> _WHAT YOU HAVE TO DO_
A word-for-word copy of the data is what's wanted, with no pictures.

> _GIVEN INFORMATION_

- - -

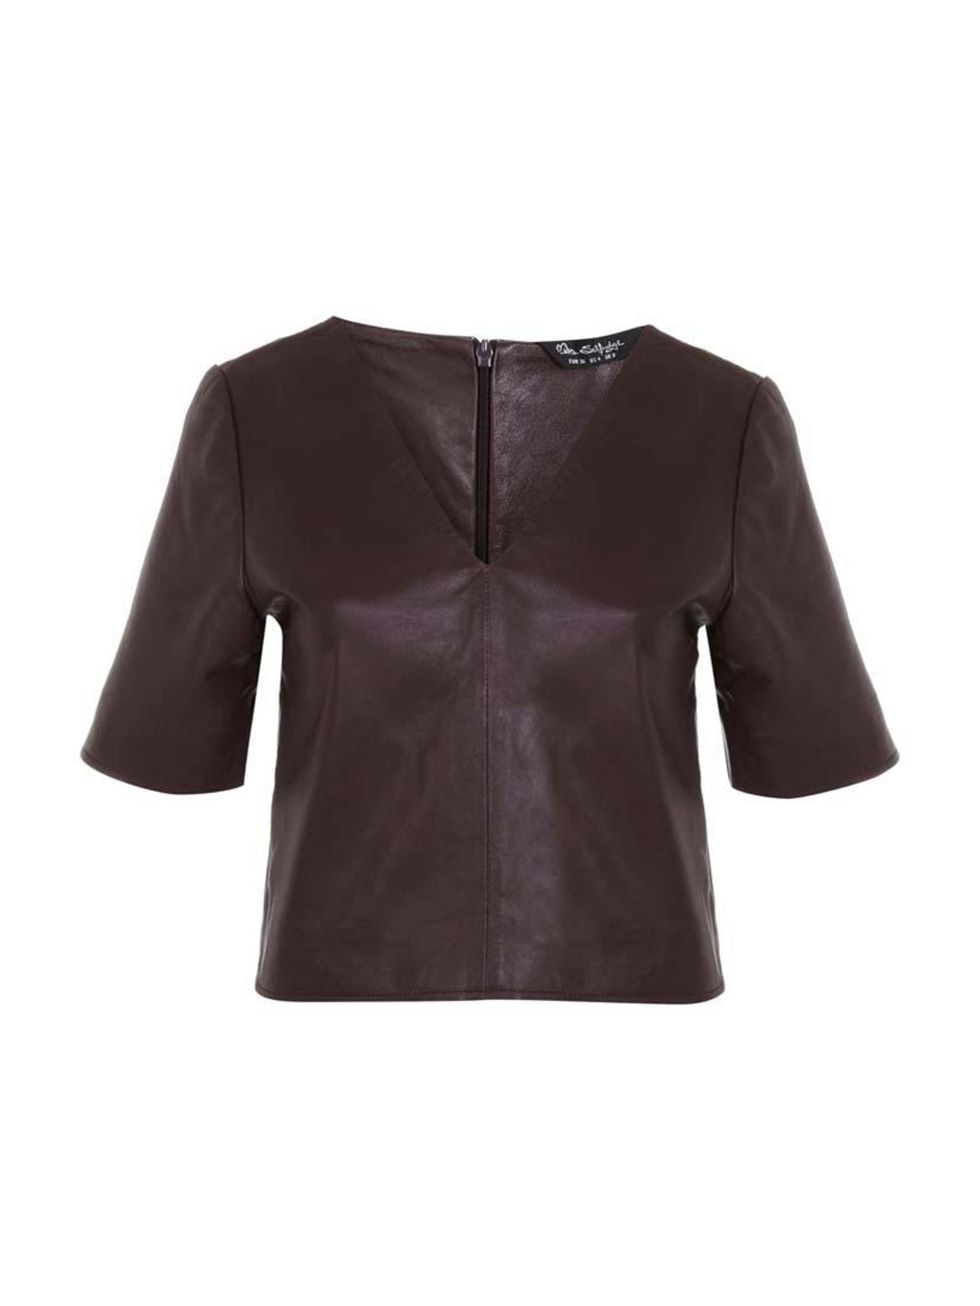 <p>Associate Health & Beauty Editor Amy Lawrenson couldn't resist this little leather tee - perfect for autumn layering.</p>

<p> </p>

<p><a href="http://www.missselfridge.com/en/msuk/product/new-in-299046/clothing-299139/burgundy-v-neck-leather-tee-3255
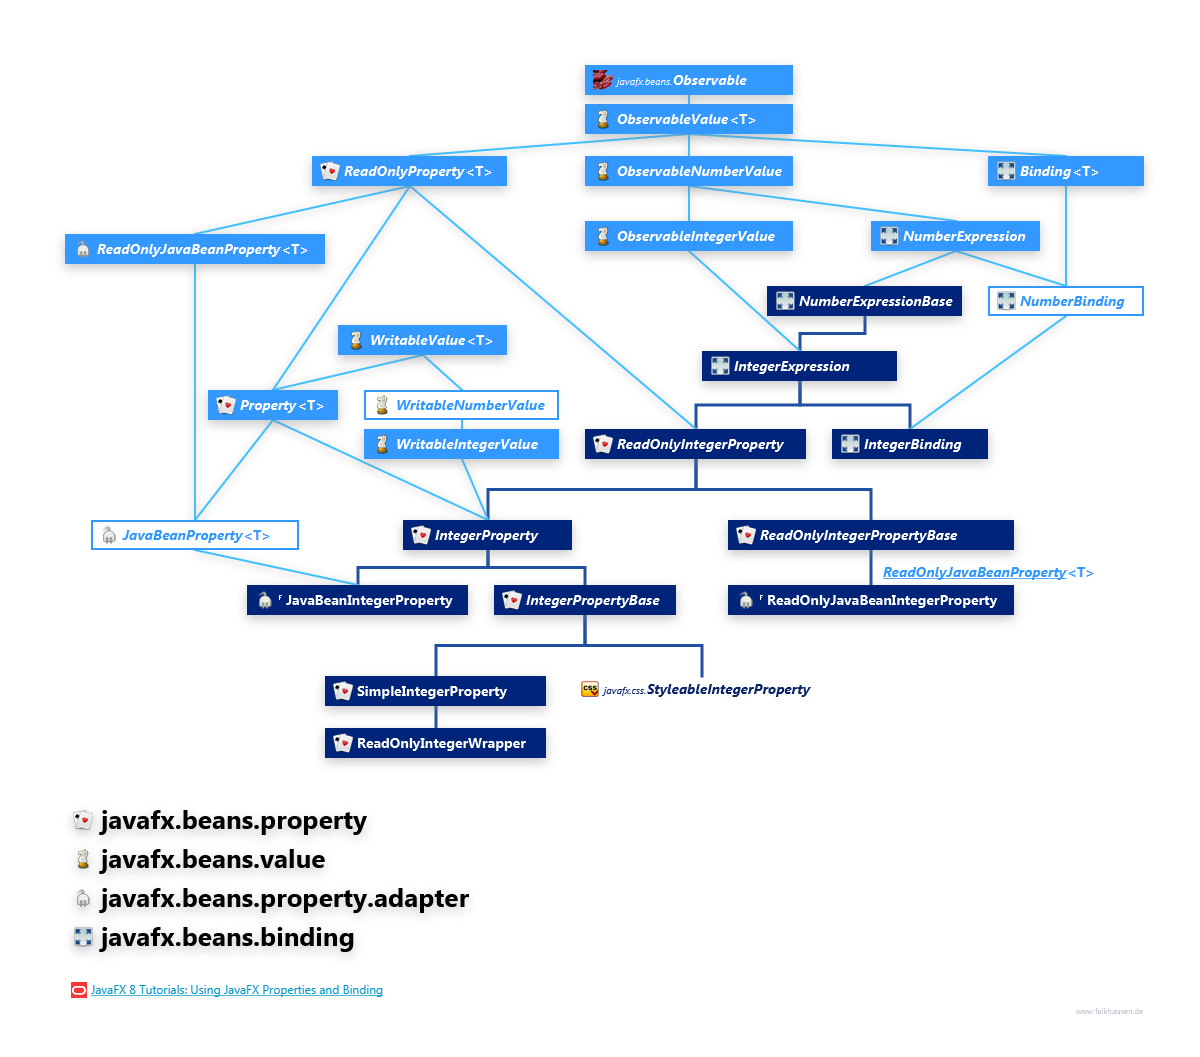 javafx.beans.property javafx.beans.value javafx.beans.property.adapter javafx.beans.binding IntegerProperty Hierarchy class diagram and api documentation for JavaFX 8

- - -

> _RESPONSE BOX_
 <p>Associate Health & Beauty Editor Amy Lawrenson couldn't resist this little leather tee - perfect for autumn layering.</p>

<p> </p>

<p><a href="http://www.missselfridge.com/en/msuk/product/new-in-299046/clothing-299139/burgundy-v-neck-leather-tee-3255
 javafx.beans.property javafx.beans.value javafx.beans.property.adapter javafx.beans.binding IntegerProperty Hierarchy class diagram and api documentation for JavaFX 8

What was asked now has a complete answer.